Raw data section start

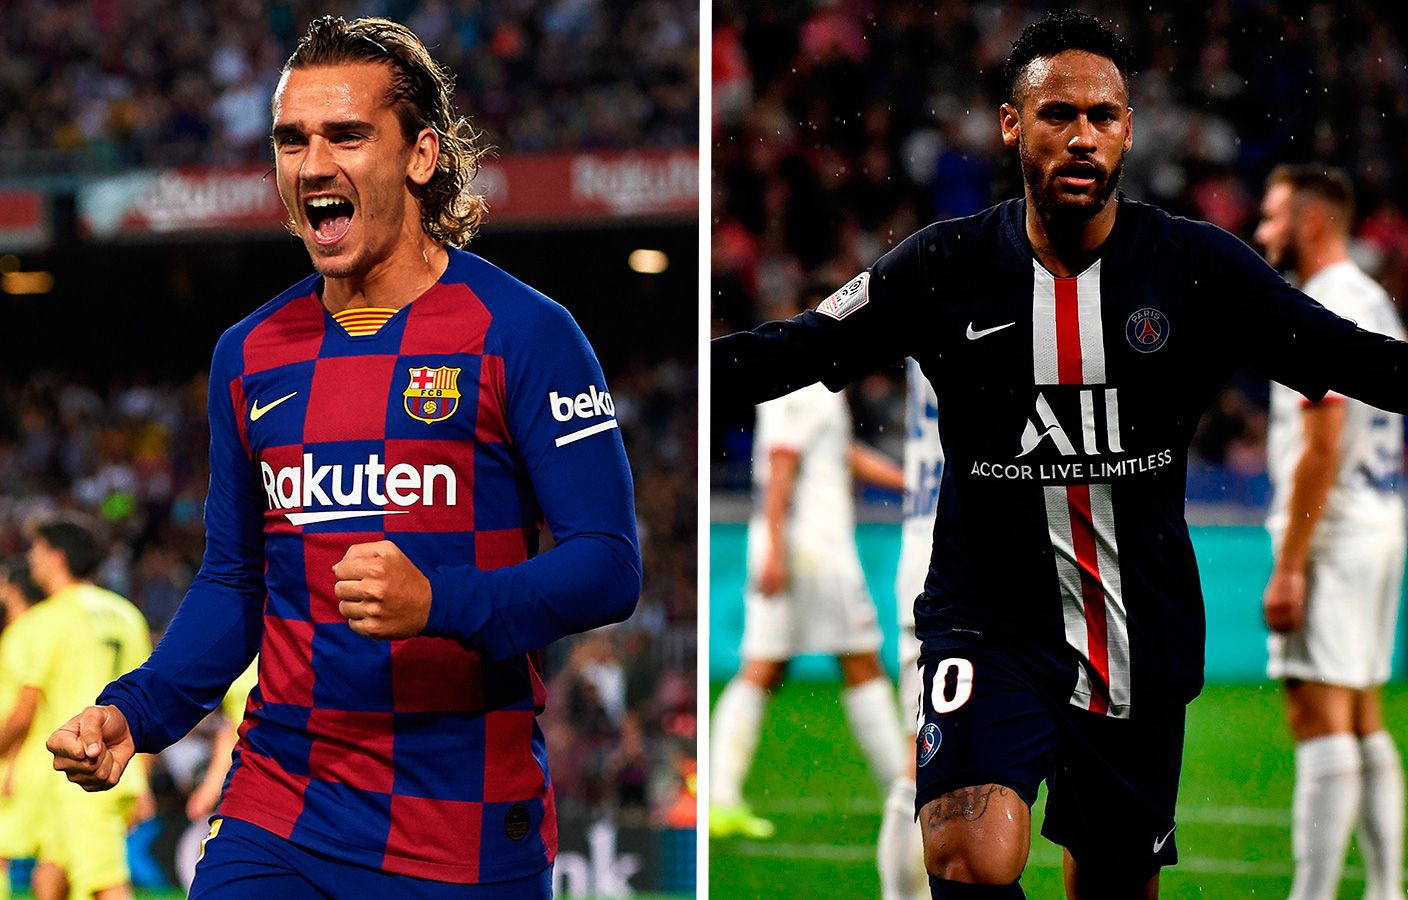 Griezmann And Neymar, players of the Barça and of the PSG
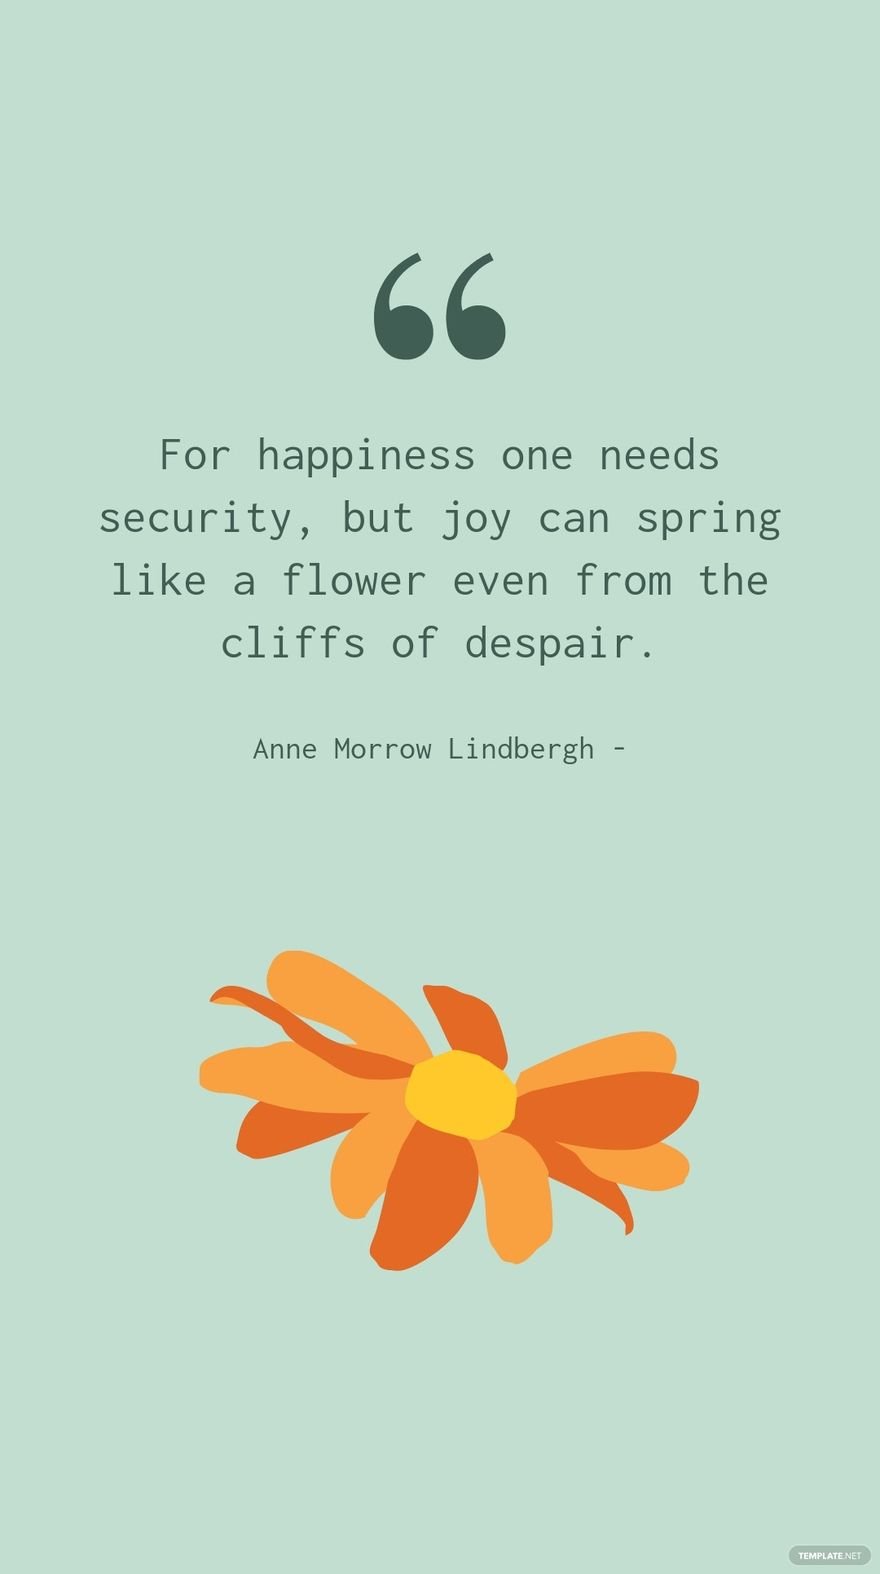 Anne Morrow Lindbergh - For happiness one needs security, but joy can spring like a flower even from the cliffs of despair.
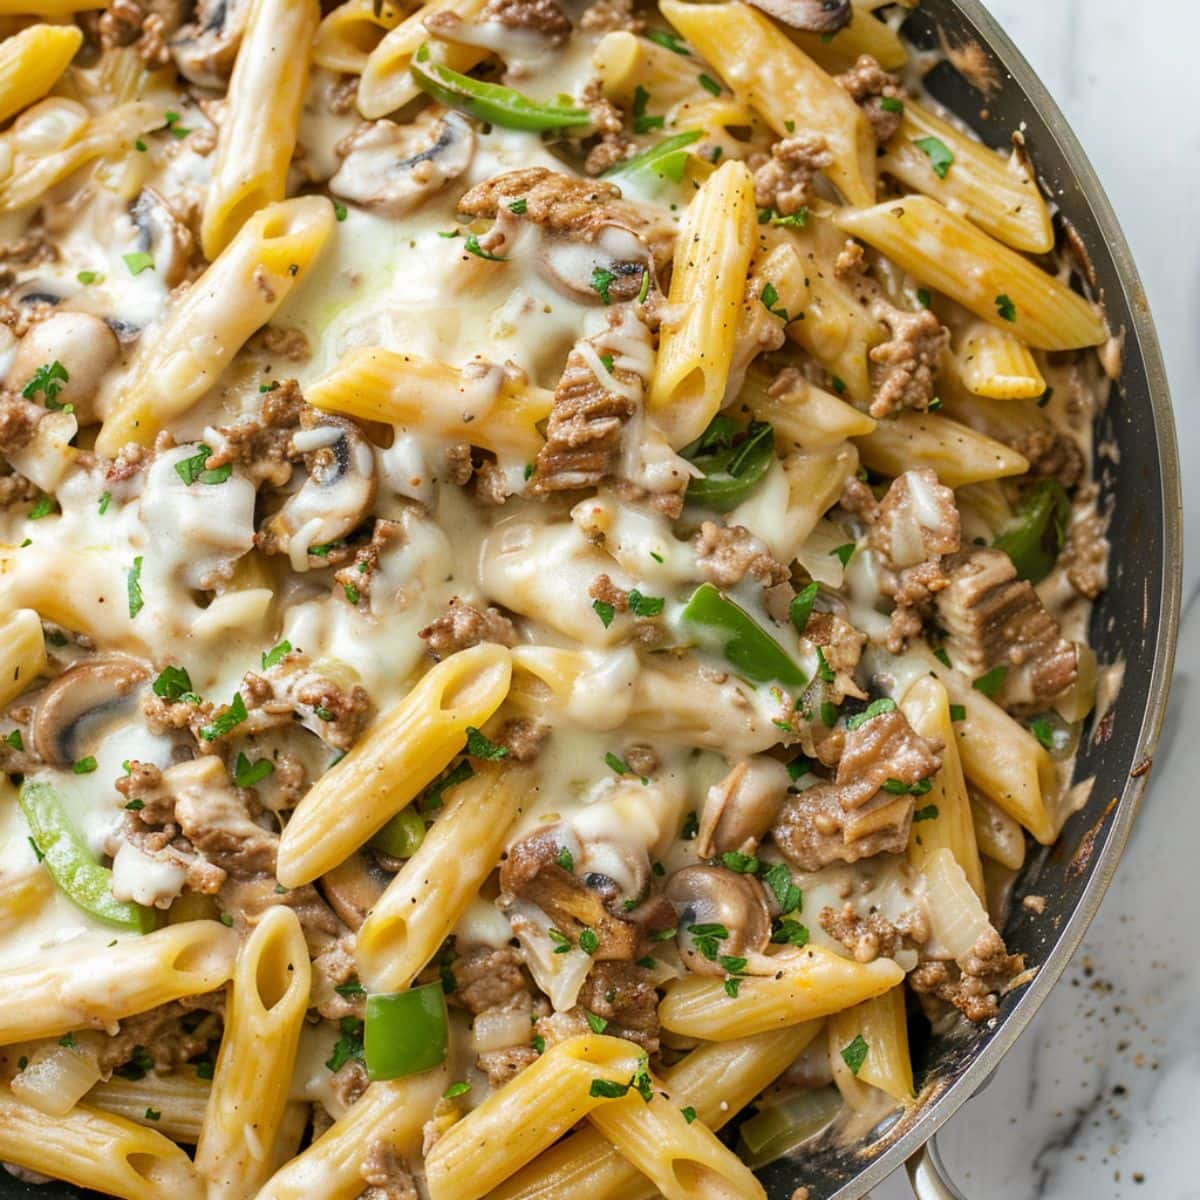 Philly Cheesesteak pasta in a cast iron skillet with sliced red bell pepper, beef and penne pasta in a creamy sauce.
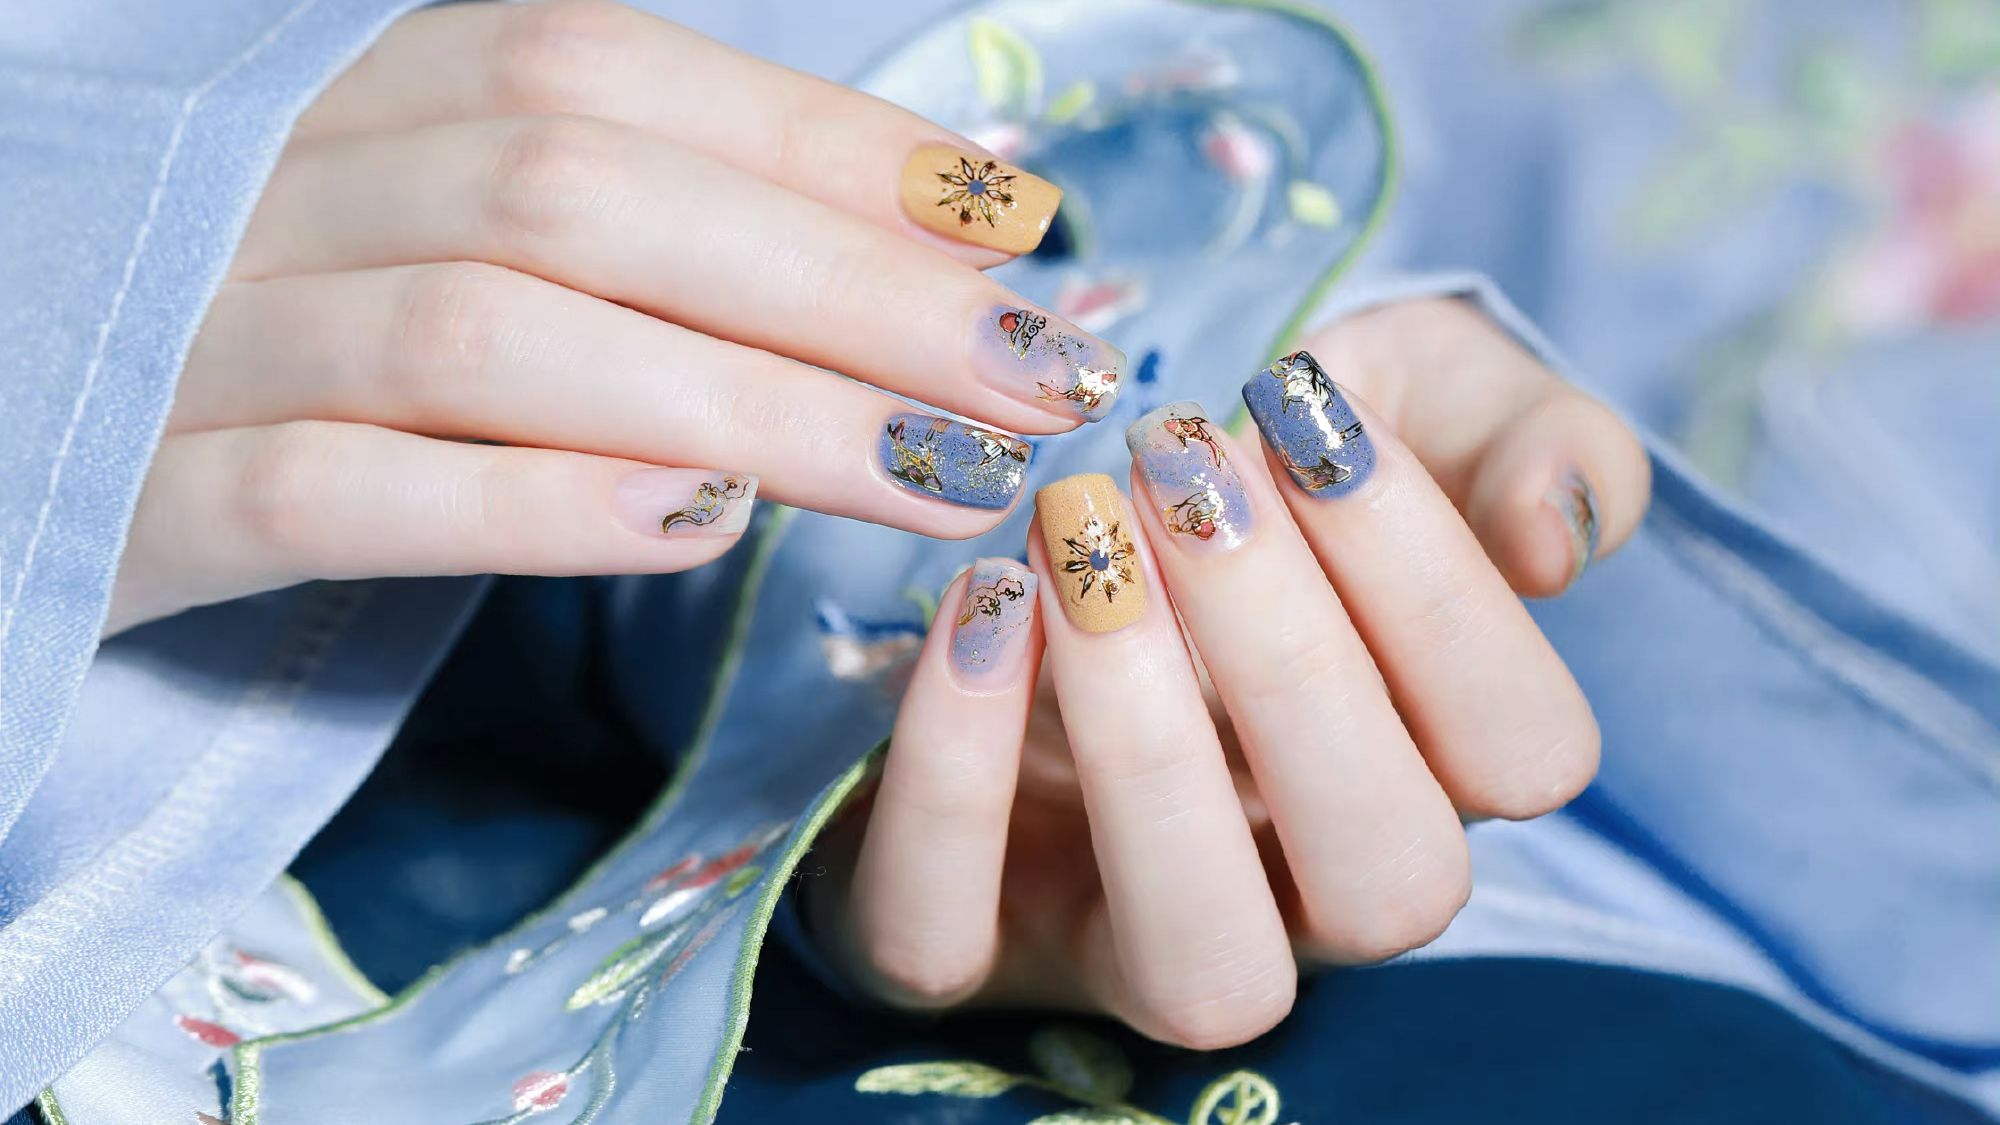 Manicure and pedicure 2020–2021: design, trends, novelties - news from SEC  Gulliver

Raw data section end

Reproduce the entire listing exactly, except for any pictures it contains.

* _Exercise result_
 Griezmann And Neymar, players of the Barça and of the PSG
 Anne Morrow Lindbergh - For happiness one needs security, but joy can spring like a flower even from the cliffs of despair.
 Philly Cheesesteak pasta in a cast iron skillet with sliced red bell pepper, beef and penne pasta in a creamy sauce.
 Manicure and pedicure 2020–2021: design, trends, novelties - news from SEC  Gulliver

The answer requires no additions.